(Material provided begins)

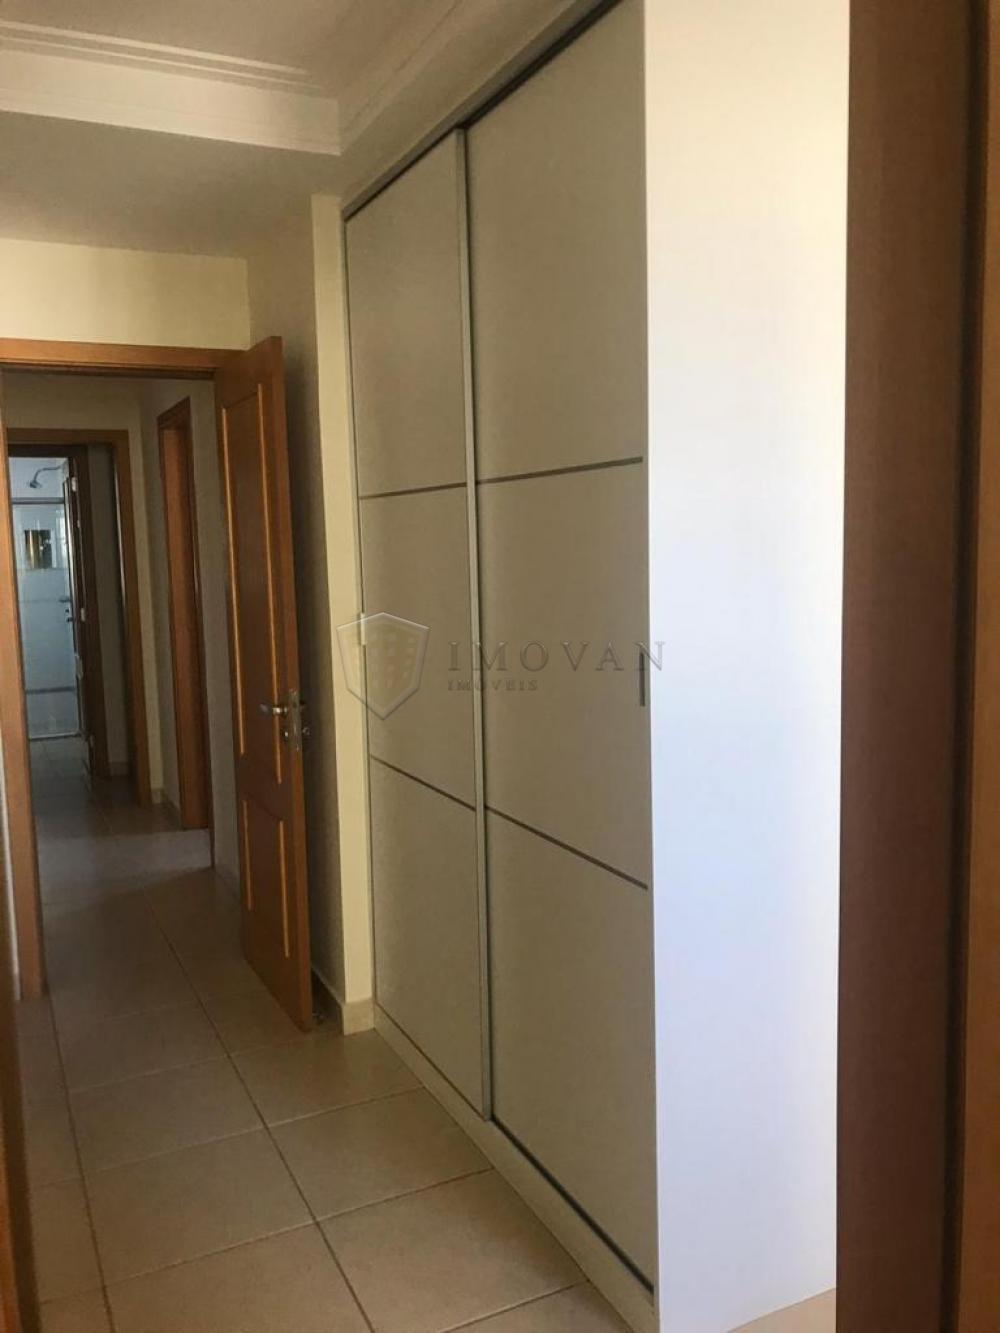 Comprar Apartamento / Padrão em Ribeirão Preto apenas R$ 790.000,00 - Foto 18
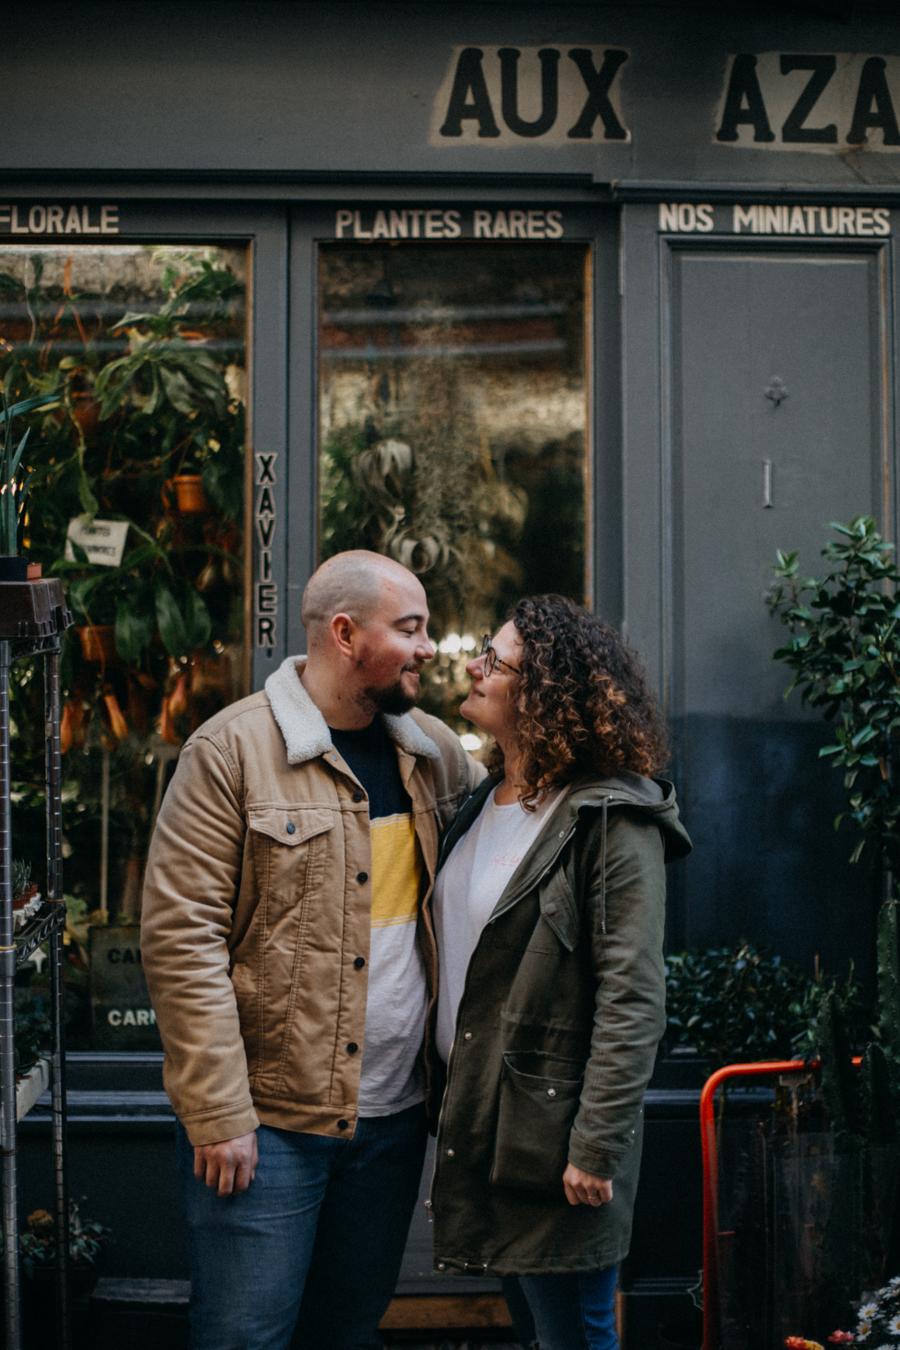 photographe love session engagement mariage couple amour Lyon soleil tag la croix rousse-32
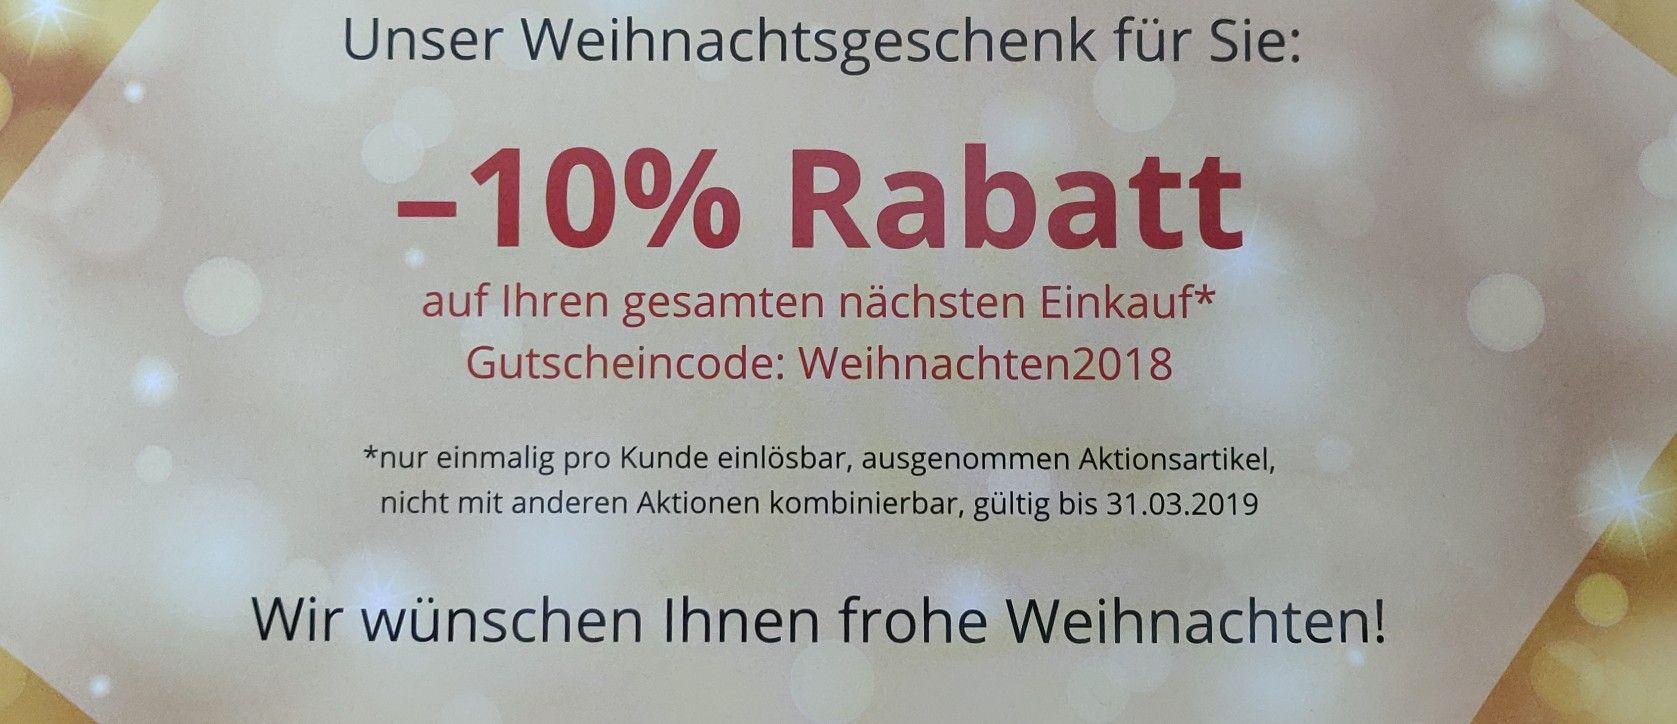 -10% Expert24 Spirituosen und Weine

(Material provided ends)

• Exercise directions
Retyped exactly, the lines from the one holding "photographe love session" through the last line of the data above are the whole answer. Pictures stay out.

• Reply to the task
 photographe love session engagement mariage couple amour Lyon soleil tag la croix rousse-32
 -10% Expert24 Spirituosen und Weine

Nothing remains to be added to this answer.